An oil and gas production engineer and industry analyst at Shell’s Bonny Terminal Production Unit, Port Harcourt, said, individual ownership of oil blocks by indigenous Nigerians is a good practice for national interests and control of the industry as it is practiced by many OPEC member countries. The problem, however, is our corruption and lack of transparency in business which has affected the industry in the following ways: reduced daily oil and gas production; lack of transparency in the oil and gas industry; building the so-called technical capacity of indigenous companies as most of the companies are really not originally created as oil and gas firms. Many are incorporated for the purpose of marginal field sales; lacks accountability and prevents the growth of well performing indigenous oil companies to build further in competing with the major IOCs; doesn’t help host communities as these resources are left undeveloped.
Lloyd Eseosa, a financial consultant, holds a different view. “To me, the problem is not individual ownership of the oil blocks, but monetization of the acreage. After all, some own the oil fields, and have gone ahead to establish a company that is mining the field. Alakija owns Famfa Oil, and pays taxes to the federal government. There are other indigenous companies like Britania-U, ConocoPhillips, etc. “The individuals owning oil blocks or acreage must have the financial muscle, technical skill to operate the blocks
“It’ll get more difficult in years ahead to run oil blocks with dwindling demand for fossil fuels,” Eseosa said. He said elsewhere in the world, individuals own oil fields. “But the difference is that these operators own companies that operate the oil blocks profitably, paying the necessary taxes to the government. He cited that some oil field owners in the country own companies – Famfa Oil, Conoil, Moni Pulo, among many others. “The oil sector regulator needs to be rejigged to look for profitability rather than political settlement,” he stressed.
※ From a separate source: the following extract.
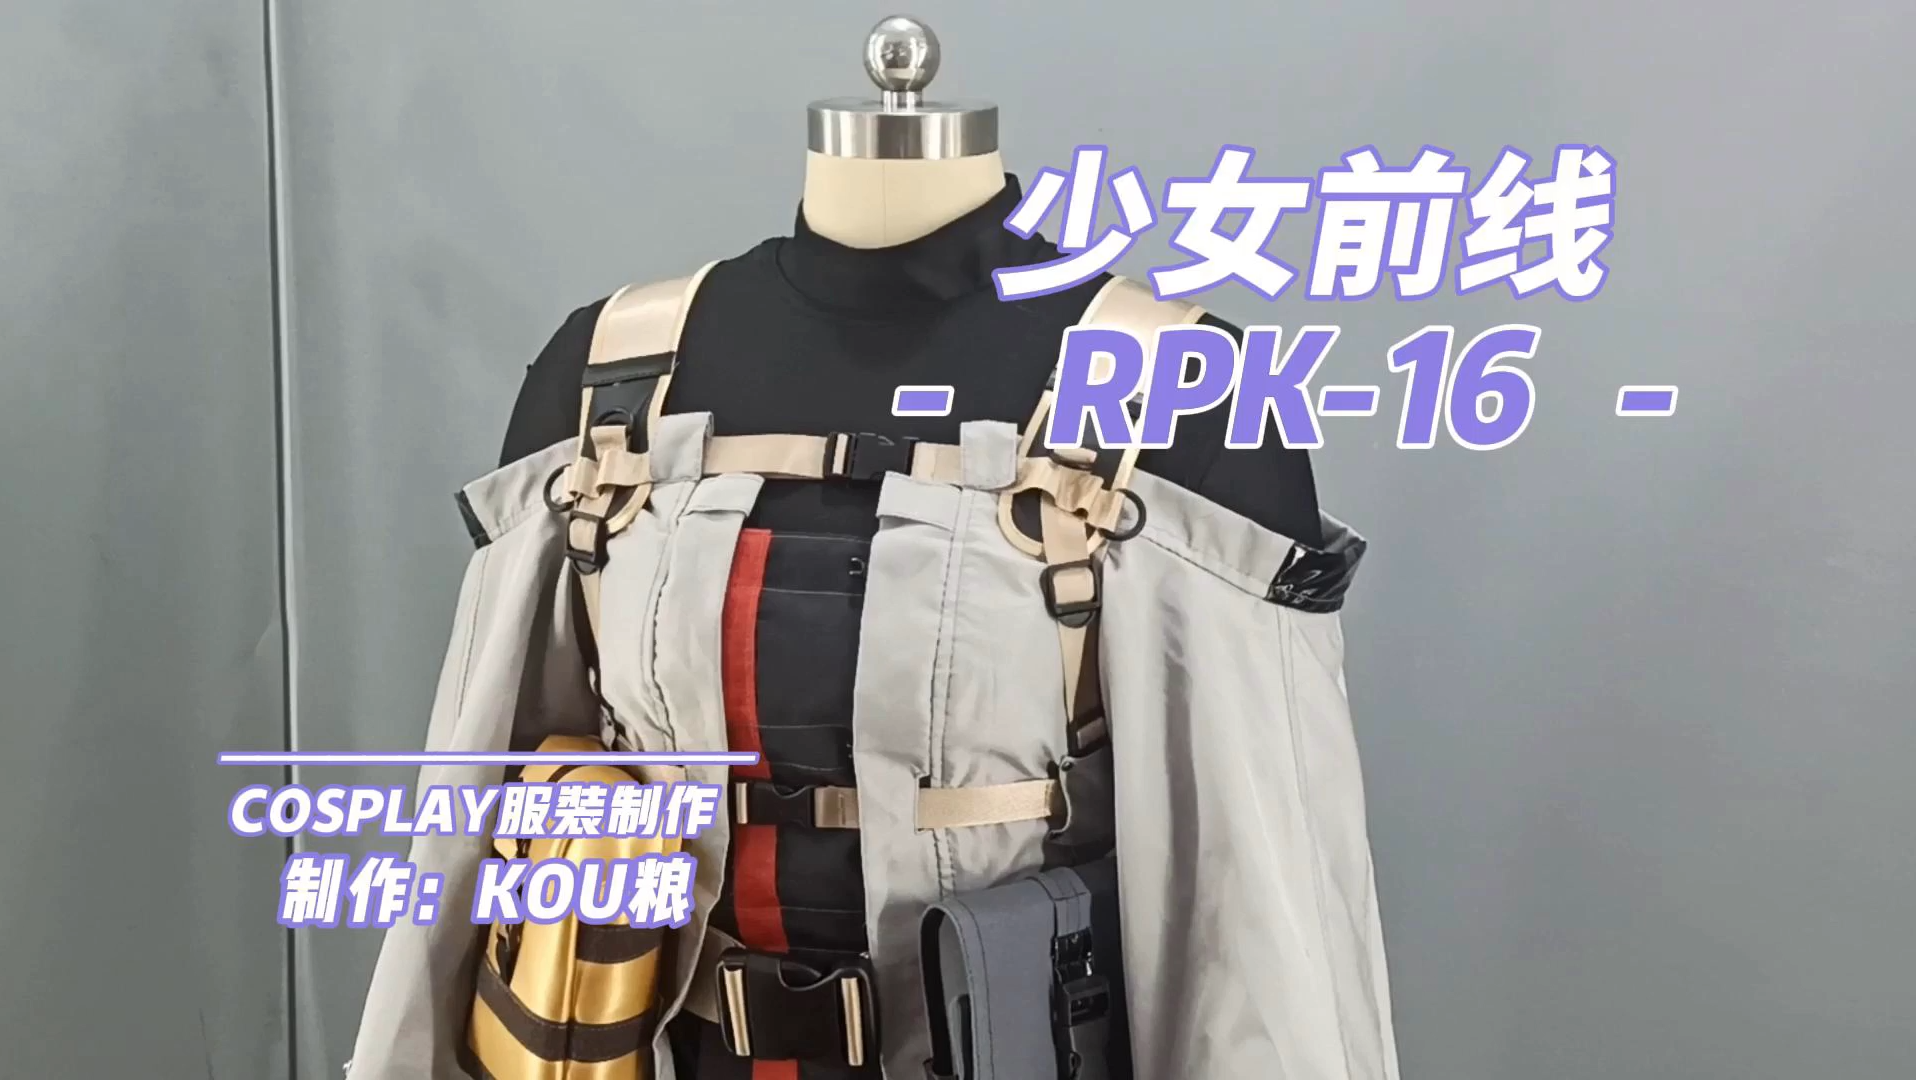 少女前线RPK16的cosplay服装制作

However, Eseosa warned that as fossil fuel continues to lose its decades of appeal following the onset of globally approved energy transition to renewable energy, owners of the idle oil block would find themselves sitting on a useless asset.
But Sarki Auwalu, the incumbent director of DPR, said the agency generated N2 trillion in the 2020 oil bid round.
Poor indigenous output contribution
Notwithstanding the fact that Nigerians owned the larger share of the nation’s oil assets, their contributions to total production as revealed by the DPR is abysmally poor. According to data provided by the regulator, Nigerians are producing about 150,000 barrels of crude oil per day, representing just six percent of Nigeria’s total crude production; while foreign oil companies account for the bulk of 2.35 million bpd or 94 percent of total output.
Industry watchers blame the lackadaisical attitude of the Nigerian players towards the development of their blocks.
To be sure, the majority of the oil block owners have yet to commence any serious production activities on the oil blocks since they were awarded to them. “It appears that people just want to own oil blocks and put it on their complimentary cards. We are not happy with that. It is absurd that six percent of oil production is coming out of 90 leases,” decried one analyst.